Super Size Me

Super Size Me

For all the hype abut this doco, Super Size Me contains a massively ‘Duh' premise that I was always sceptical of. STOP THE FUCKING PRESSES: Apparently, and you may want to sit down for this, but Maccas and fast food isn't good for you!!! Um, kind of something any kid knows from about age four. Why the hell do you think kids love it so much? Next there will be documentaries telling us not to stick knives in our ears.

However frightening levels of obesity and multinational corporations running the world are things that are so ingrained with today's Western society that they are like power lines: you know they're there but after a while you just get used to it and stop noticing the ugliness they bring to their surroundings. Sometimes we need a wake-up call.

The much publicised gimmick of filmmaker Morgan Spurlock eating nuttin but Maccas for thirty days is just that - a hook to get ya in, before hitting ya with insights into America 's obesity problem and it's very obvious link to fast food. That's right folks – this is educational!

Spurlock also steals a few of Michael Moore's tricks to make his essay as entertaining as possible. Thus we have several comical cartoons and humorous vox pops with stupid Americans. Of course Spurlock's doco-with-a-social-conscience was always going to be compared to Moore 's work, especially with the notion of making himself the centrepiece of it all – giving an informative film a face. In this I actually found him to be more personable, and especially mote down-to-earth than Moore – interesting perhaps given Moore works so hard to be portrayed as a fighter for the working class everyman.

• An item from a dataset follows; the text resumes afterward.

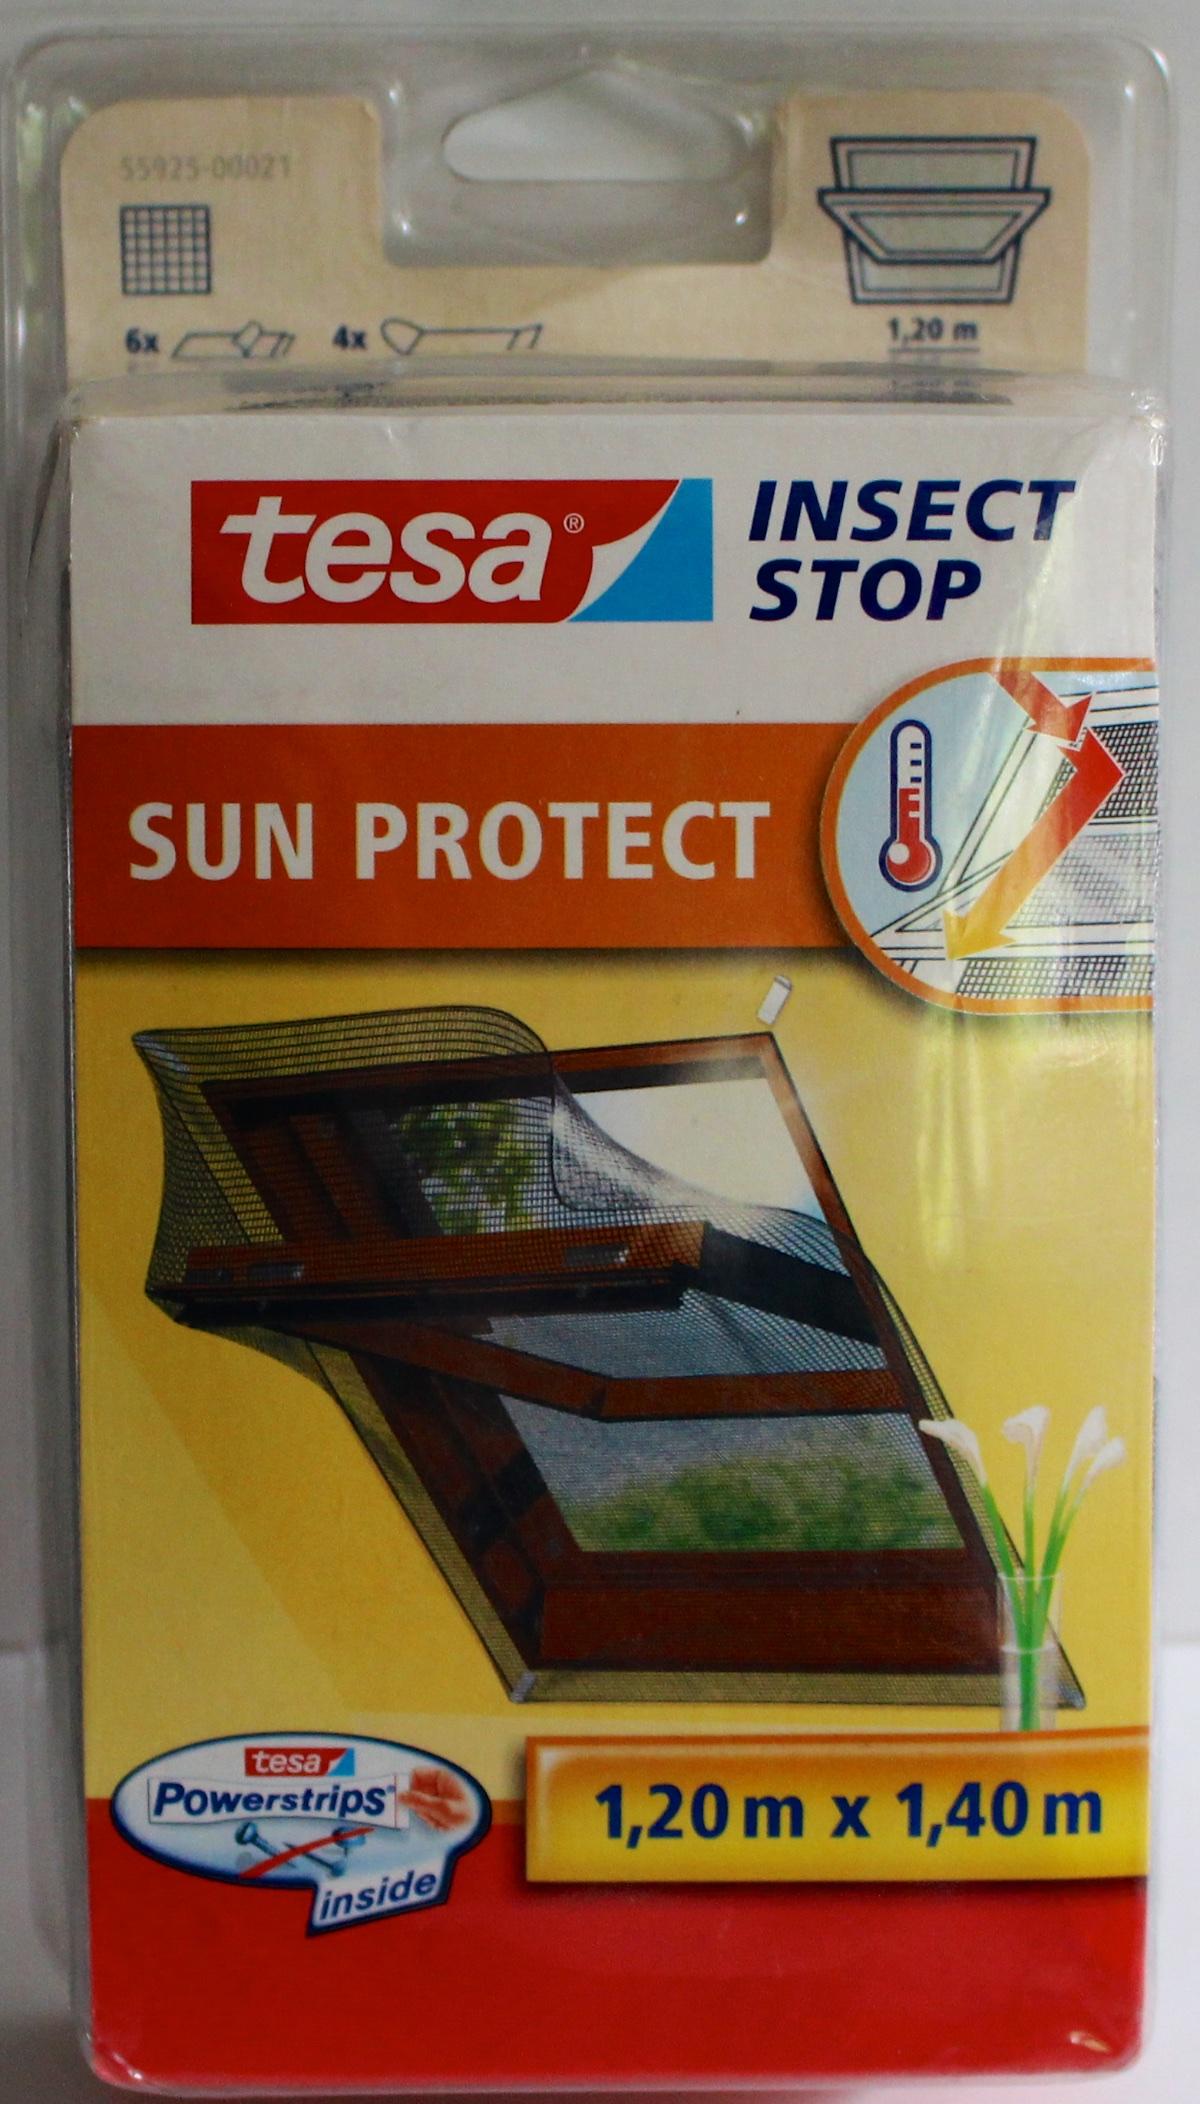 tesa sun protect dachfenster 1 20 x 1 40m sonnenschutz fliegengitter insect stop ebay. Black Bedroom Furniture Sets. Home Design Ideas

I myself did a two-and-a-half week version of Spurlock's experiment and suffered no real repercussions. I was in Japan , couldn't speak any of the language and couldn't just walk into a restaurant and order haphazardly because I'm allergic to seafood. It makes me vomit. For hours and hours. And they love their seafood. Luckily Maccas in Japan cater for ignorant Westerners, and when you walk in they pull out the Maccas-for-dummies picture book and you just point to the photos of what you want to eat. Well you're not meant to point, because apparently that's rude over there, but you wave over the photo like a game show model revealing a prize. It was the best Maccas I've ever had and I had a shitload of it. Unlike Spurlock I didn't get fat/impotent/near-death, but I also didn't eat the motherfucker monolithic-proportioned Super Sized meals he had.

You get the feeling that the medical evaluations Spurlock gets along his journey are filtered down greatly to what he decides to show. He can't exactly make the point that many people eat nothing but fast food and then go on an all-fast food diet and say he was near-death can he? Sure fast food lovers get massively fat quickly and will probably drop dead at an early age – but not after a month. Which brings me back to the ‘Duh' factor. If you eat only one kind of thing for a month you'll most likely get ill. I'm sure if you had nothing but apples for a month you would probably be quite ill too. But as I said before, it's just a gimmick to draw you in, and even if it's not as enthralling an experiment as you may have been led to believe, watching this film won't do you any harm at all in the long run.

Funnily enough during the recent screening of this on the teev those fucking “Make up your own mind” Maccas ads (that coincidentally have appeared just before the Fast Food Nation movie comes out) popped up frequently in the breaks. If nothing else, my hatred for those ads have forced me to do exactly that, and I've made up my mind to give Maccas the arse for as long as I can. Take that Ronald!